=== Problem to work on ===
Your answer should be only the lines below from the one with "Skull with king" to the one with "えいだんねこ Twitter પર", repeated exactly, ends included.

***** Material for this task *****

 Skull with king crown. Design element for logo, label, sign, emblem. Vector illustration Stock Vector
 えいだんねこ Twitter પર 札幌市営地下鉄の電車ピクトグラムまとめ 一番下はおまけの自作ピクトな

*****
***** Material for this task *****

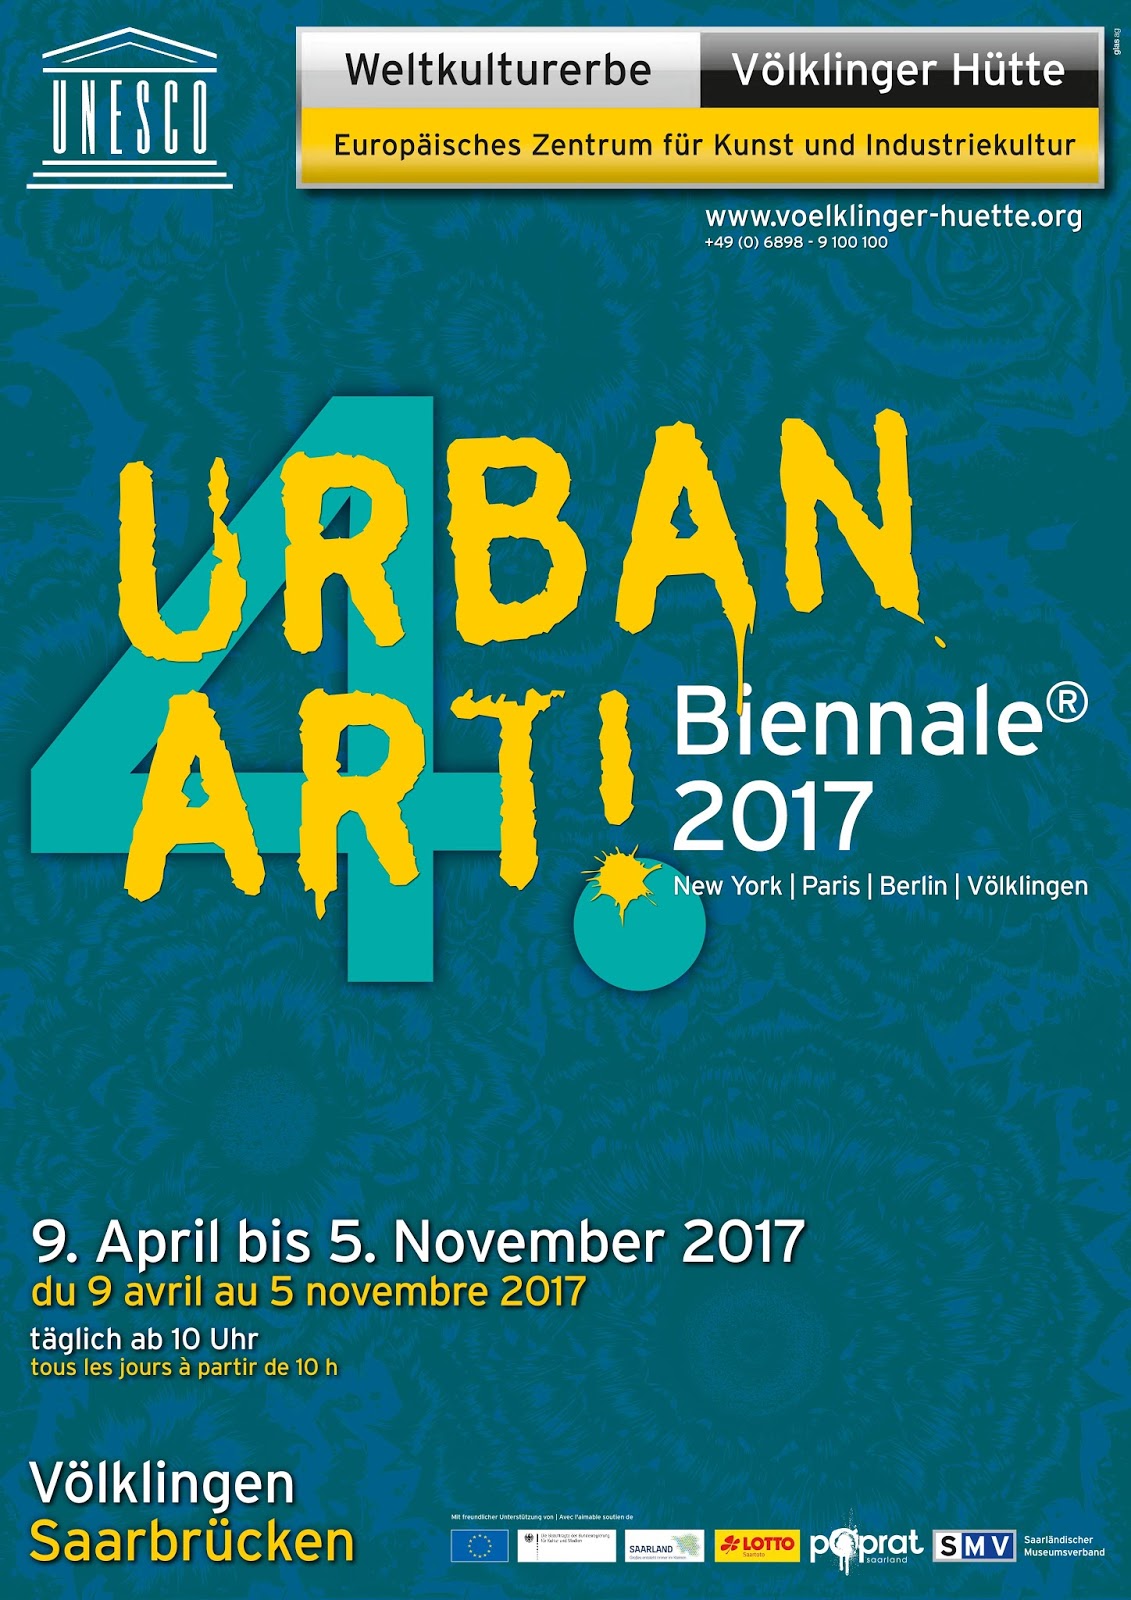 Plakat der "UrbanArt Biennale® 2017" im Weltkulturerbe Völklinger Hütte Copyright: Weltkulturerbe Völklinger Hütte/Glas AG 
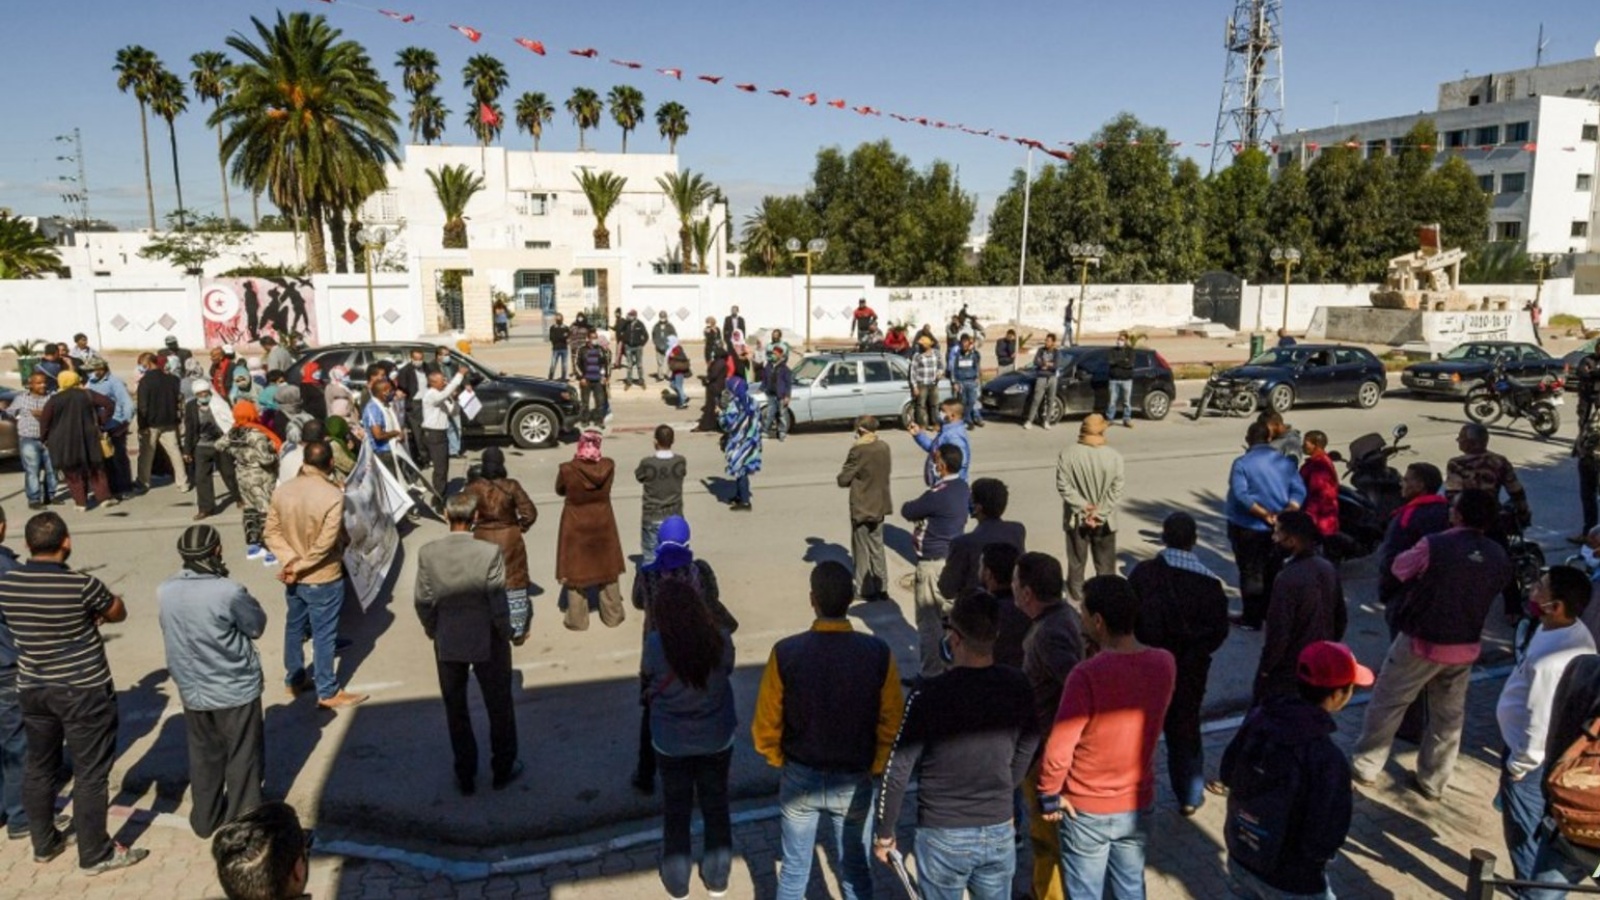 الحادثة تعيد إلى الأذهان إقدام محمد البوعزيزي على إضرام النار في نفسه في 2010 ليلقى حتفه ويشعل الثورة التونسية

*****

=== Answer to the exercise ===
 Skull with king crown. Design element for logo, label, sign, emblem. Vector illustration Stock Vector
 えいだんねこ Twitter પર 札幌市営地下鉄の電車ピクトグラムまとめ 一番下はおまけの自作ピクトな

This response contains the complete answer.